LaBrecque: It makes our jobs much more difficult. It’s tough to plan when we don’t know what will happen. Under the current $5.1 million individual estate tax exemption, you may not need an ILIT. But if the Bush tax cuts expire–and exclusion amount reverts to $1 million–then you may well need an ILIT. So the lack of certainty does present a problem for financial professionals.
That said, some planning exists, such as a IRA-to-Roth IRA conversion, which is a logical way to save on income tax. We’ve also been doing asset repositioning, such as moving dividend-paying stocks or mutual funds into IRAs and Roth IRAs. We’re also recommending tax-free municipal bonds.
Hersch: Are your clients shying away from fixed annuities because of continuing low interest rates?
LaBrecque: Yes, but if we start to move into a more inflationary environment, which I think we’re destined eventually to be in, then clients might consider shifting assets from short-term equity products to long-term fixed income products. The fiscal cliff presents a short-term equity problem; inflation is a long-term fixed income problem.

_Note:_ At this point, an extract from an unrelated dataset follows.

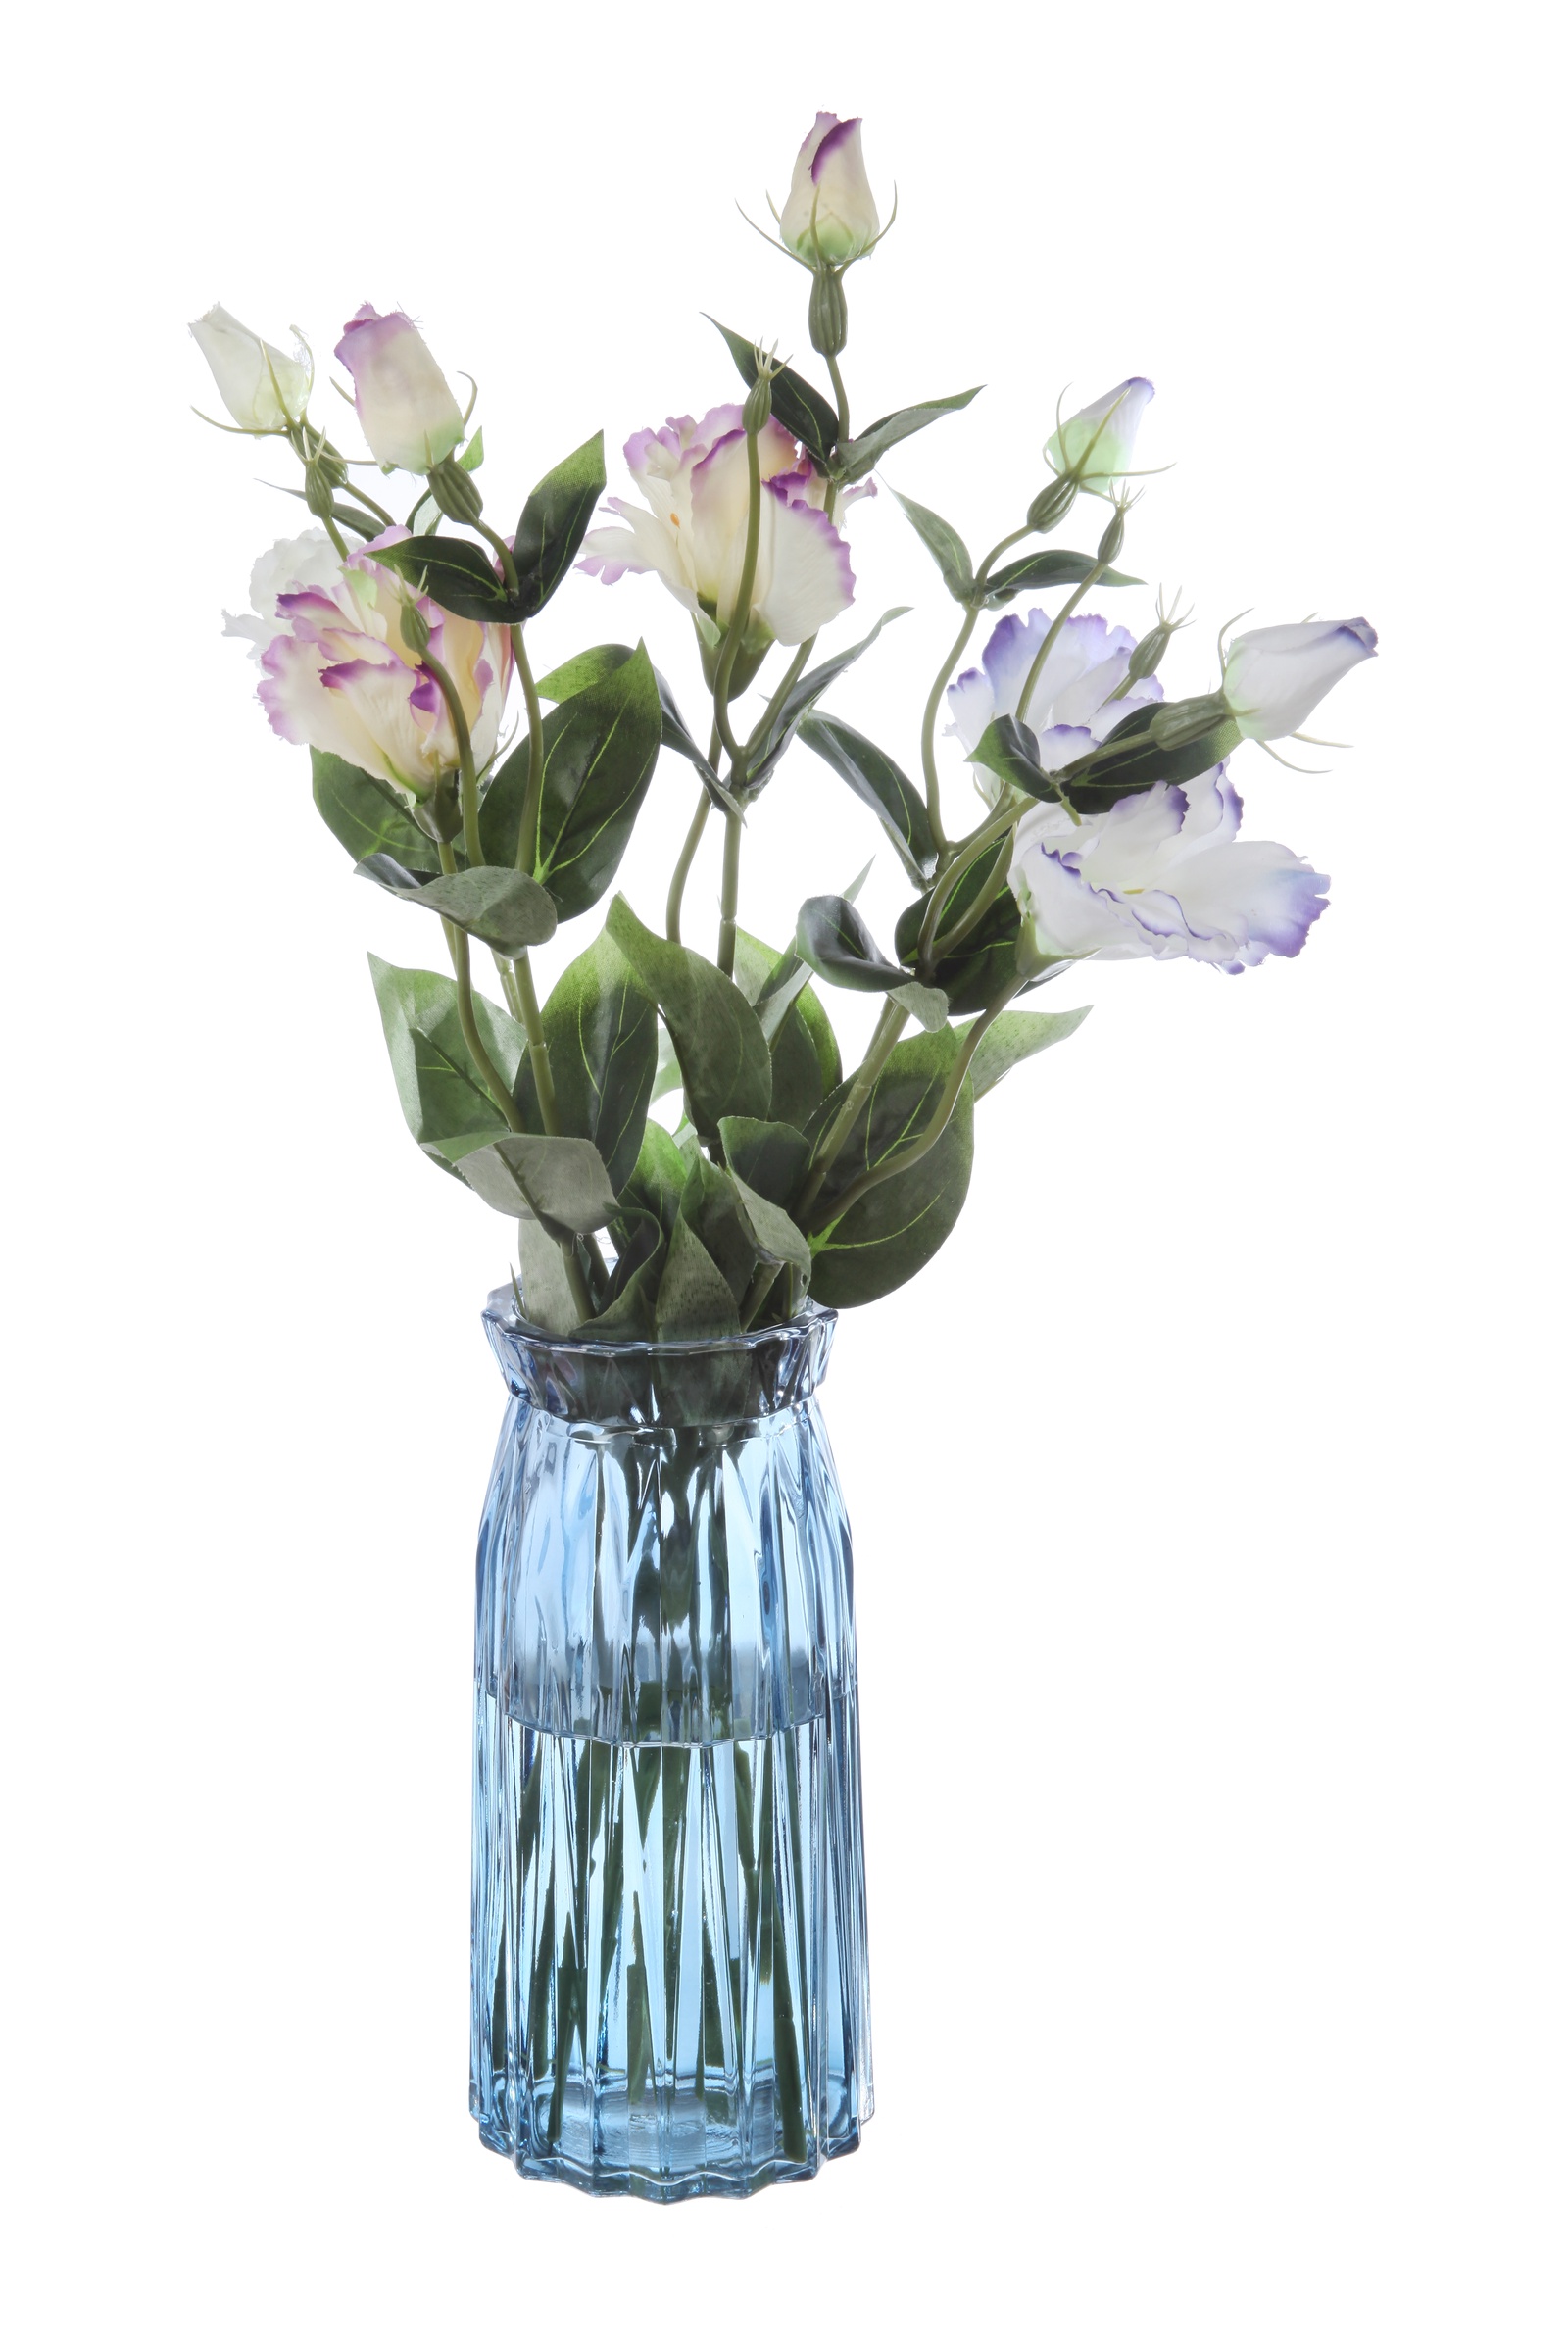 фото Ваза IsmatDecor Стеклянная ваза, ST-9 голубой, голубой

Hersch: What other opportunities do you foresee for life insurance and financial service professionals in the year ahead?
LaBrecque: In our practice, we’re doing a lot of work involving planned giving to charities. Some clients, for example, have opted for charitable gifts of life insurance. We’ve also seen a recent resurgence of SLATs–spousal lifetime annuity trusts–that entail establishing, for example, an ILIT for a surviving spouse.
There is a strong market now for planning opportunities to use up the $5.12 million individual lifetime gift exemption that expires at year-end.